The 1816 Vermont gubernatorial election took place on September 3, 1816. It resulted in the election of Jonas Galusha to a one-year term.

The Vermont General Assembly met in Montpelier on October 10. The Vermont House of Representatives appointed a committee to review the votes of the freemen of Vermont for governor, lieutenant governor, treasurer, and members of the governor's council.

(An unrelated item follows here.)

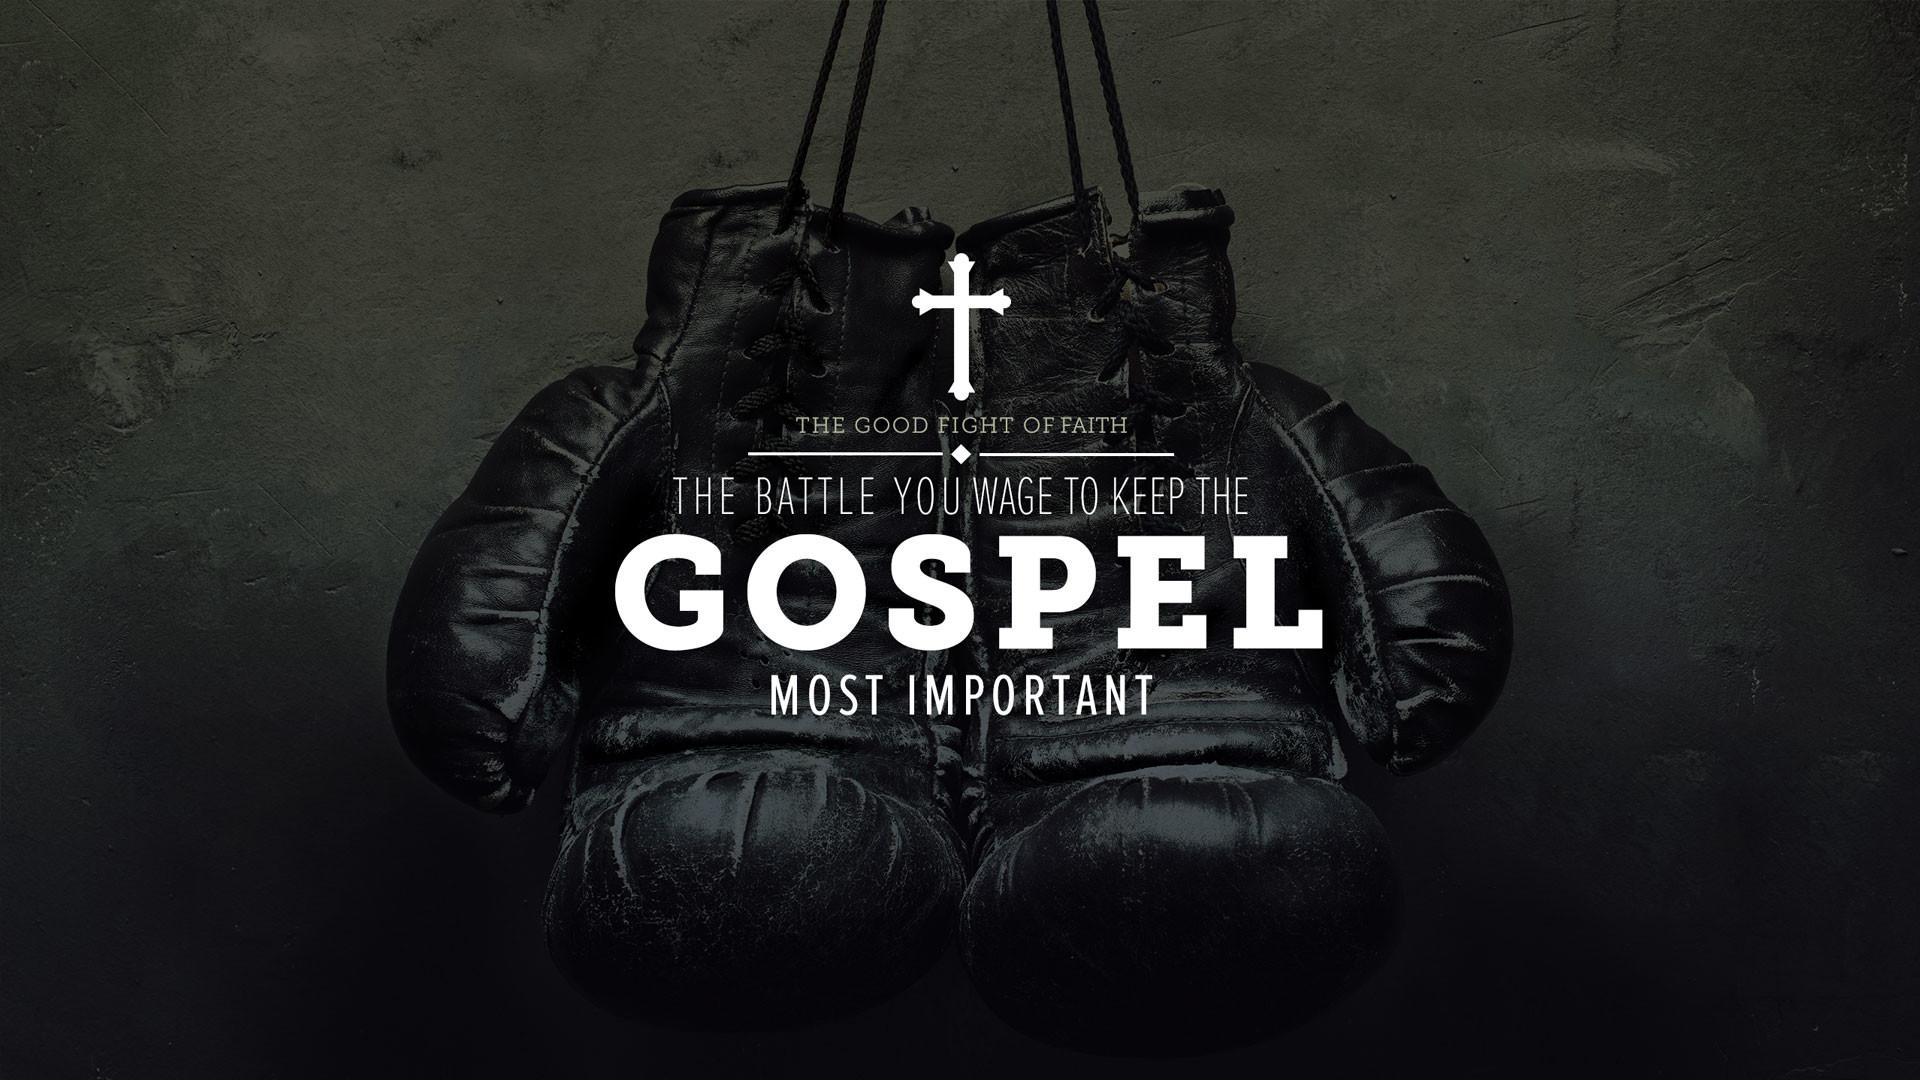 gospel music wallpaper 1280x800 - photo #31

The committee determined that incumbent Jonas Galusha had defeated Samuel Strong, a major general of the state militia and a former member of the Vermont House to win a one-year term.

In the election for lieutenant governor, the legislature's canvassing committee determined that incumbent Paul Brigham had attained a majority over former lieutenant governor William Chamberlain to win election to a one-year term. According to a contemporary newspaper article, the vote totals were: Brigham, 17,124 (55.1%); Chamberlain 13,934 (44.9%).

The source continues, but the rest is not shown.